* **The data**:

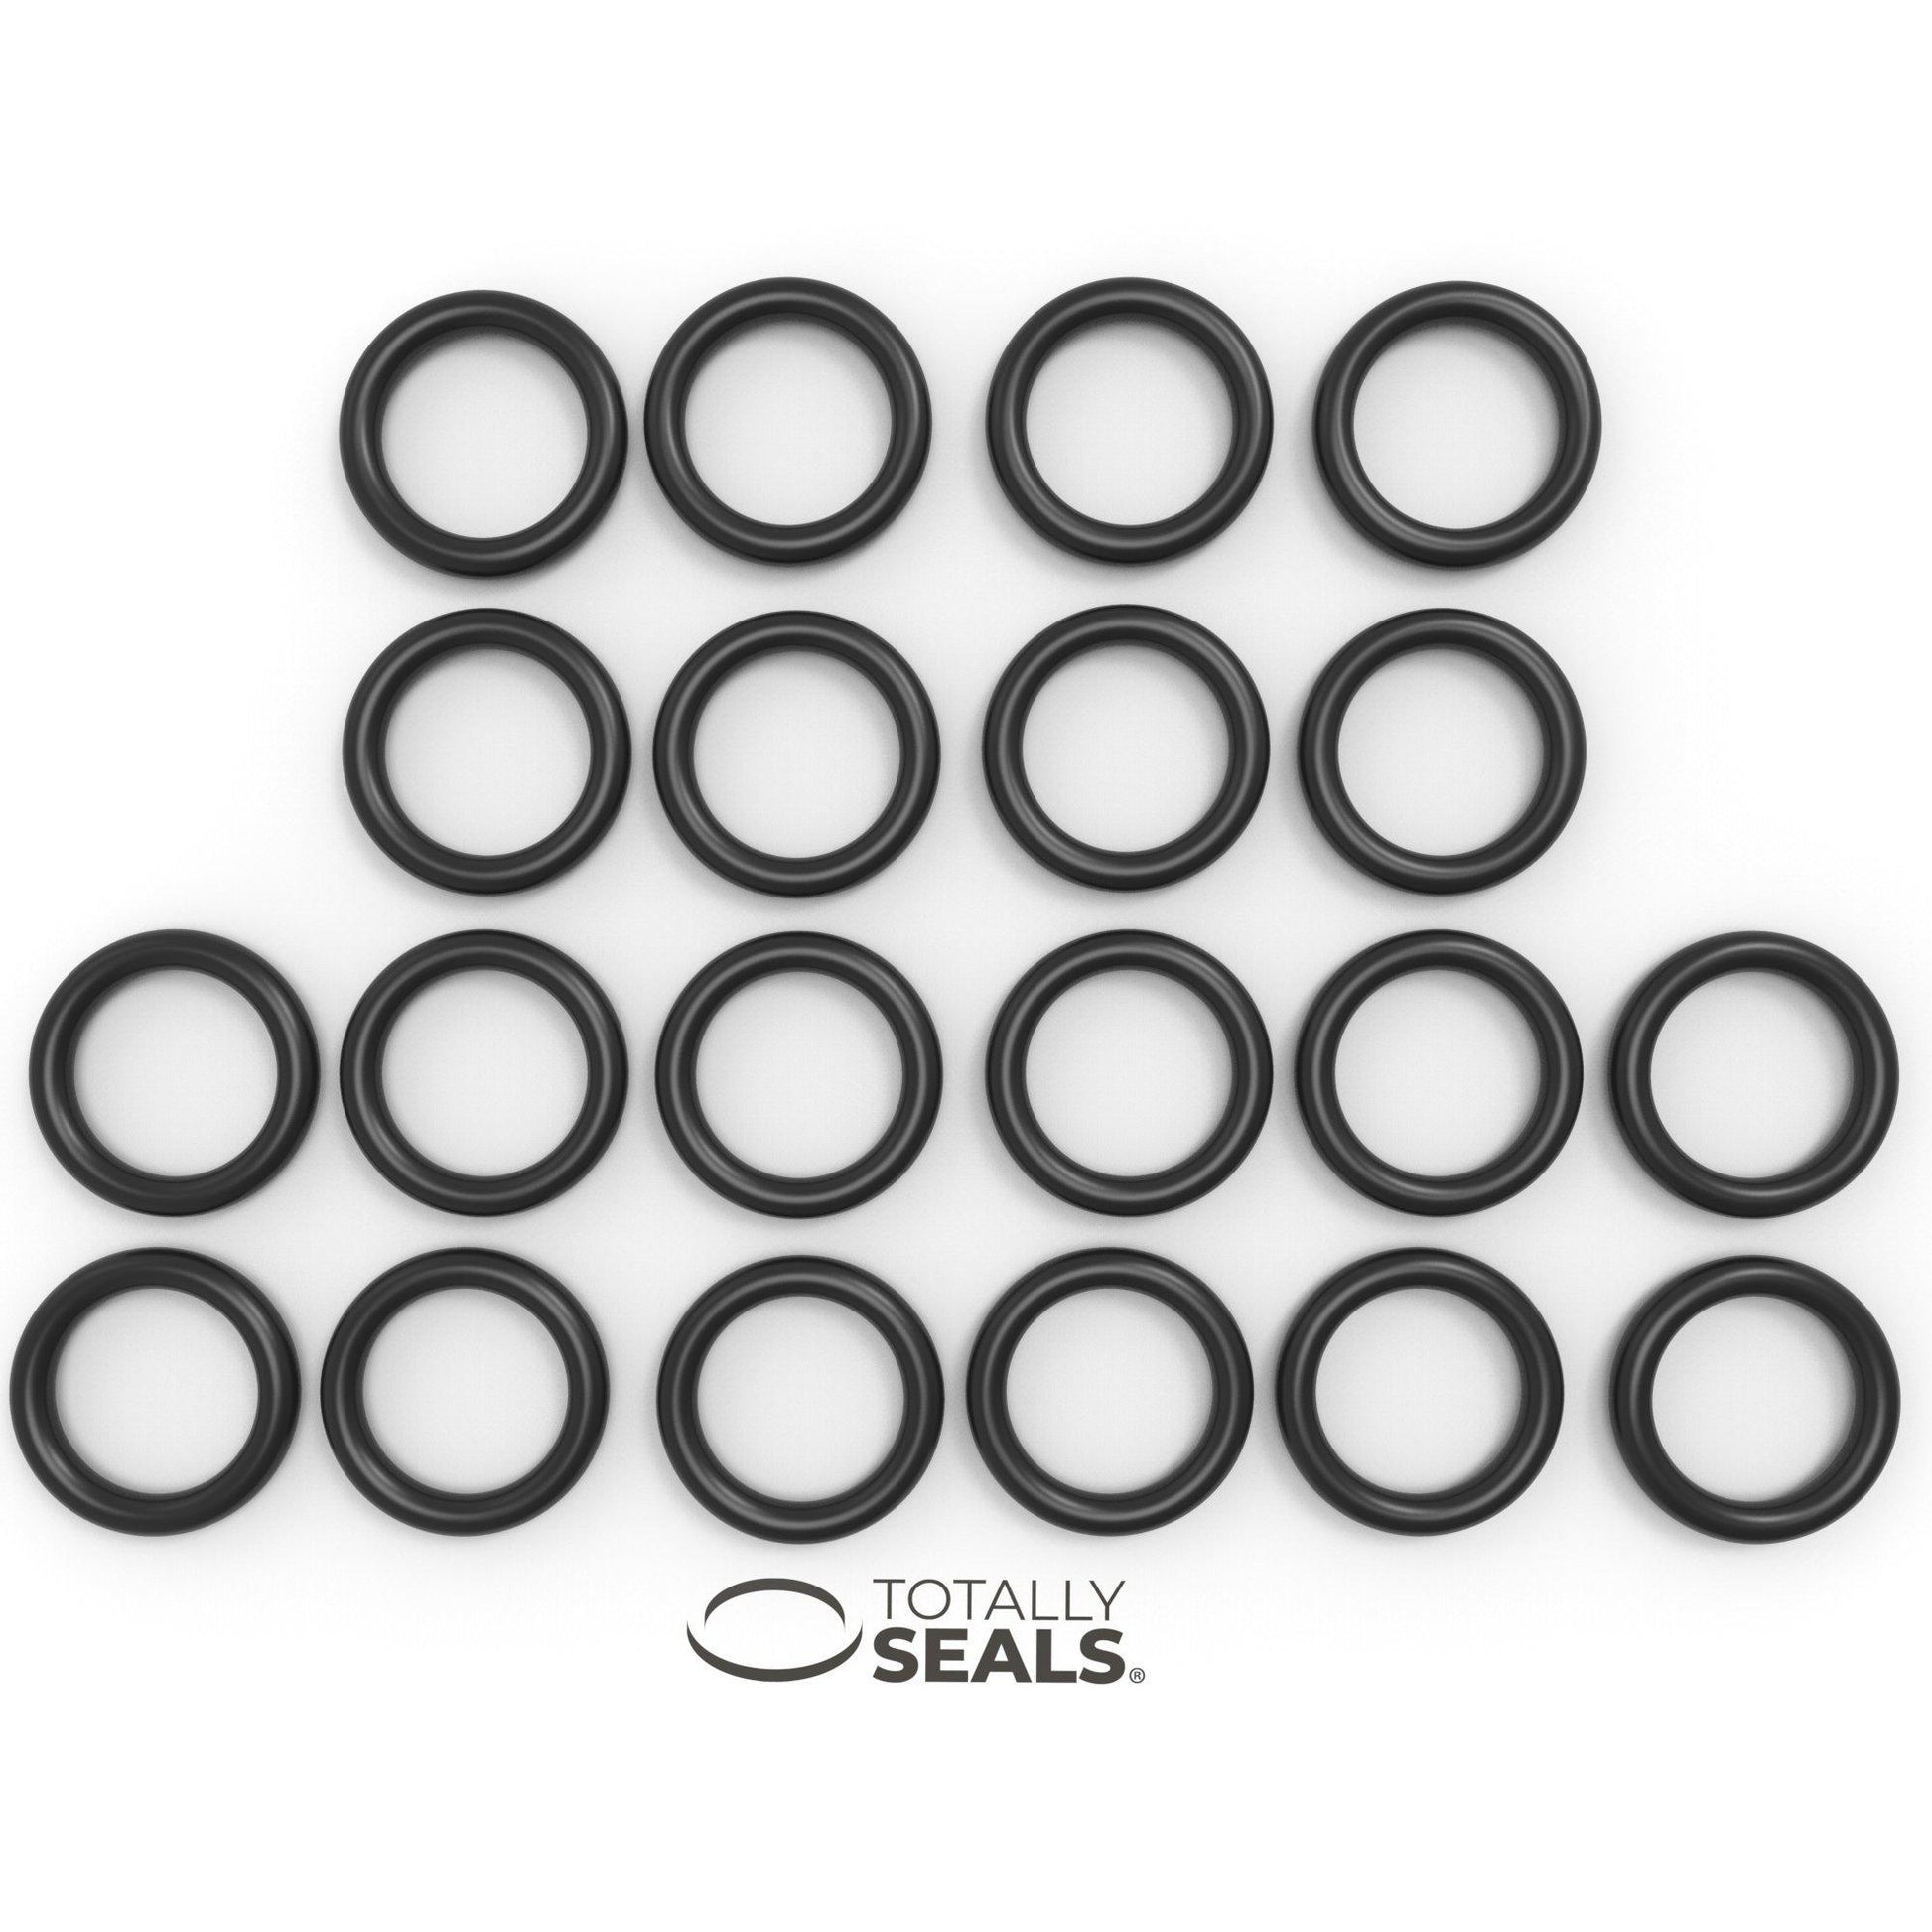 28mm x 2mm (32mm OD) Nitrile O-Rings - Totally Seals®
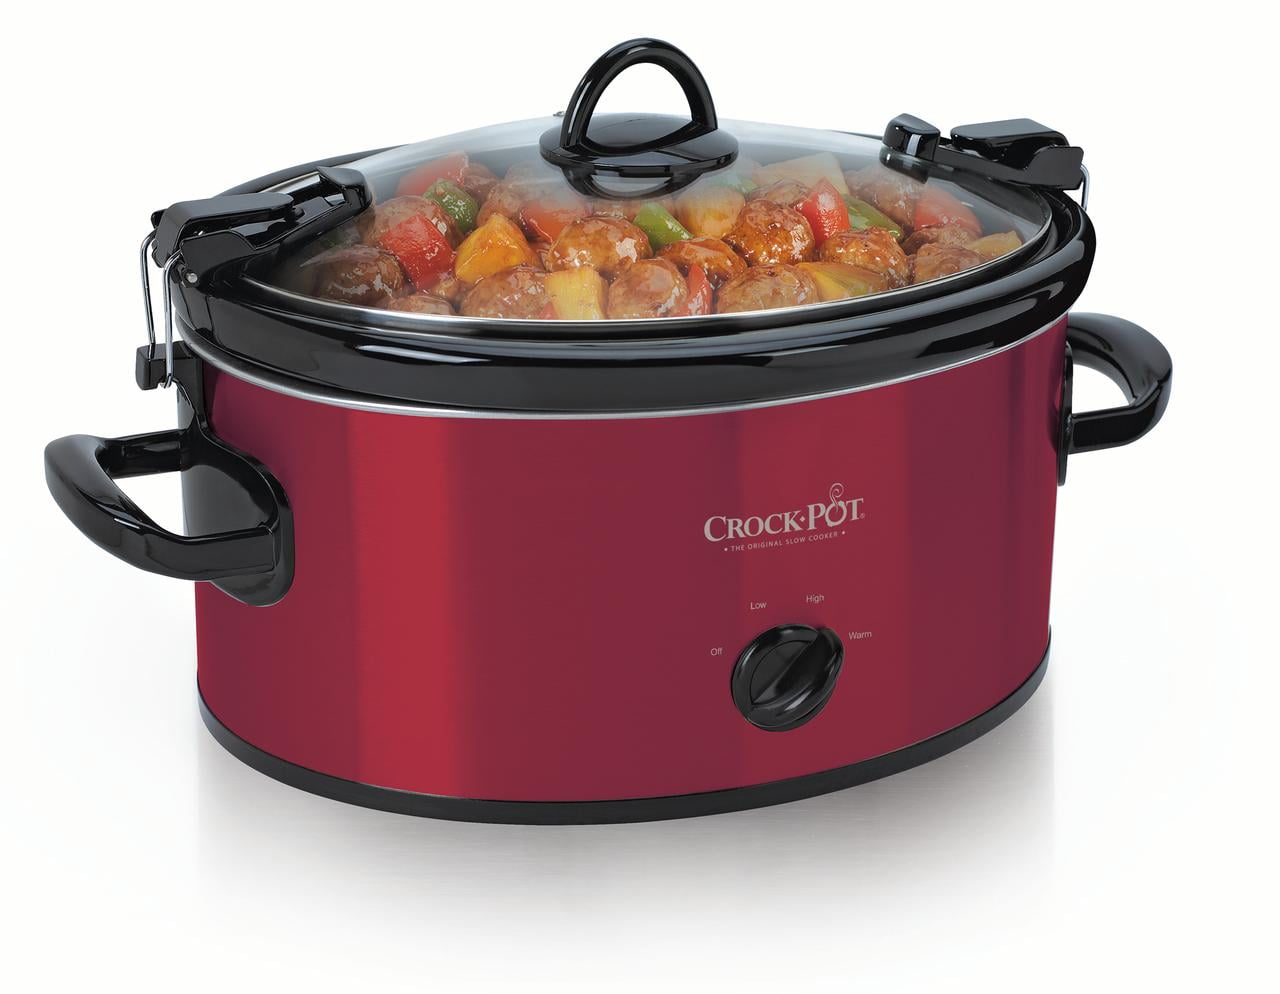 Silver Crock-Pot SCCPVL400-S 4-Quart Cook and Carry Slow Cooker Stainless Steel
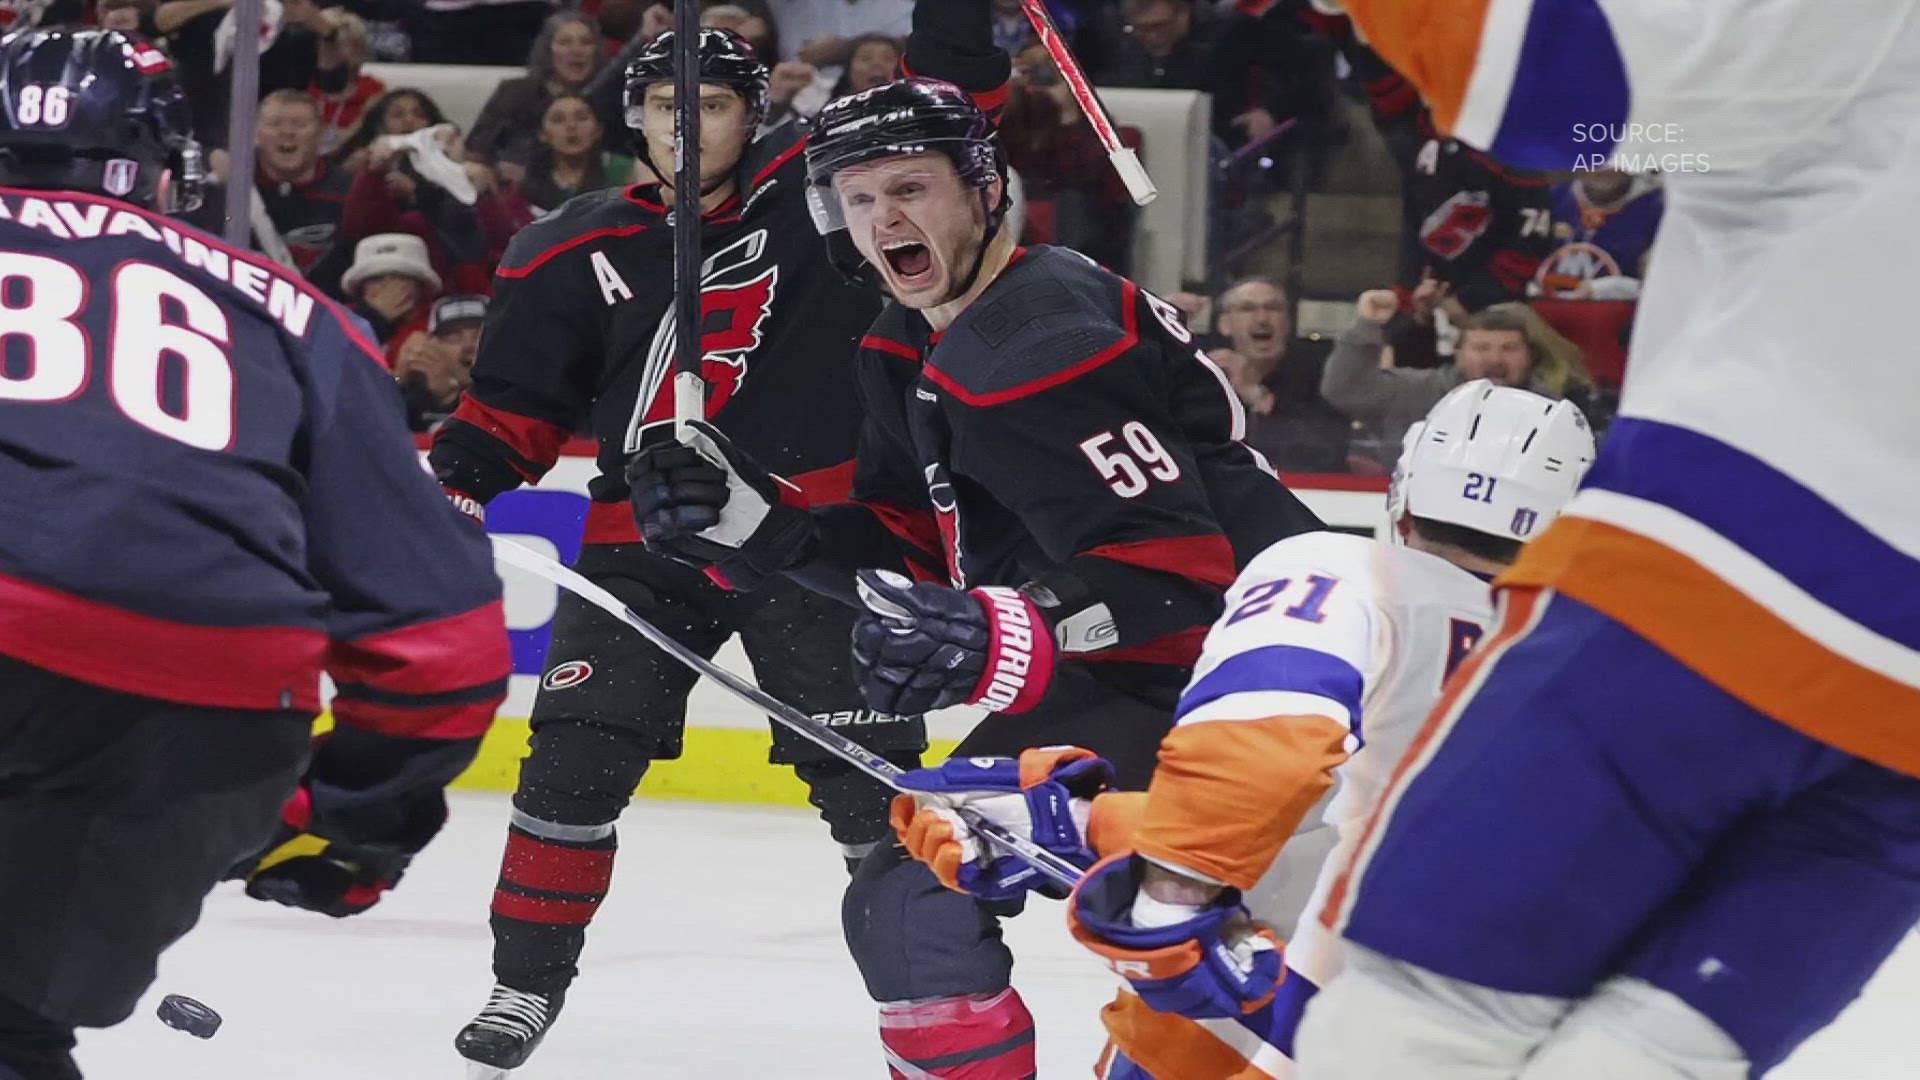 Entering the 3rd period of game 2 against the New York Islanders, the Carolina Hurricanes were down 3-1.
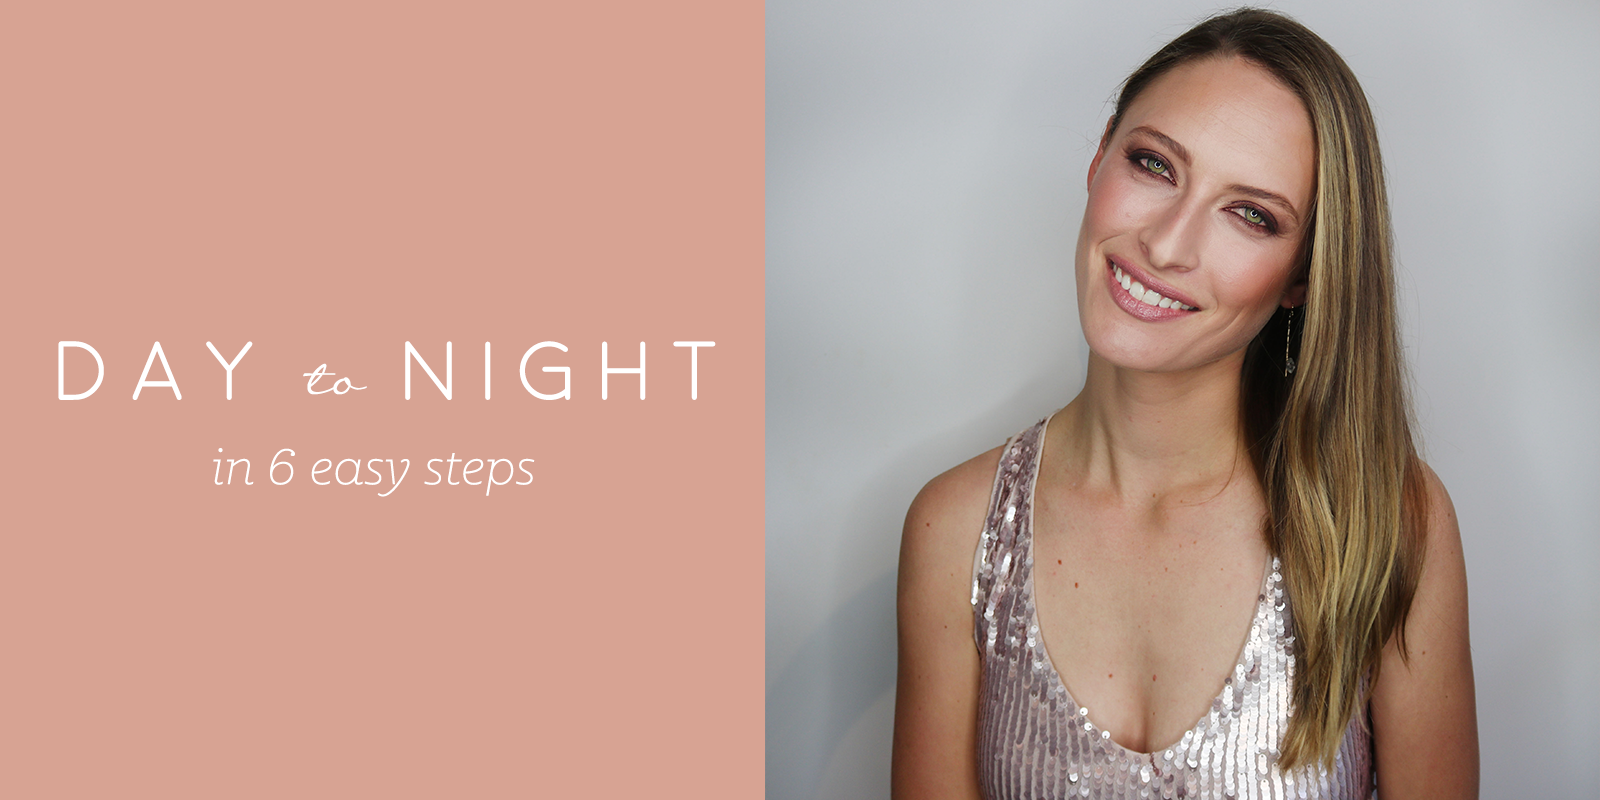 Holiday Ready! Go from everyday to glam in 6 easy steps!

* **Task to complete**: Beginning with the line in which "Silver Crock-Pot SCCPVL400-S" appears, repeat exactly each line down to the close of the material, leaving every picture out.

* **Exercise output**:
 Silver Crock-Pot SCCPVL400-S 4-Quart Cook and Carry Slow Cooker Stainless Steel
 Entering the 3rd period of game 2 against the New York Islanders, the Carolina Hurricanes were down 3-1.
 Holiday Ready! Go from everyday to glam in 6 easy steps!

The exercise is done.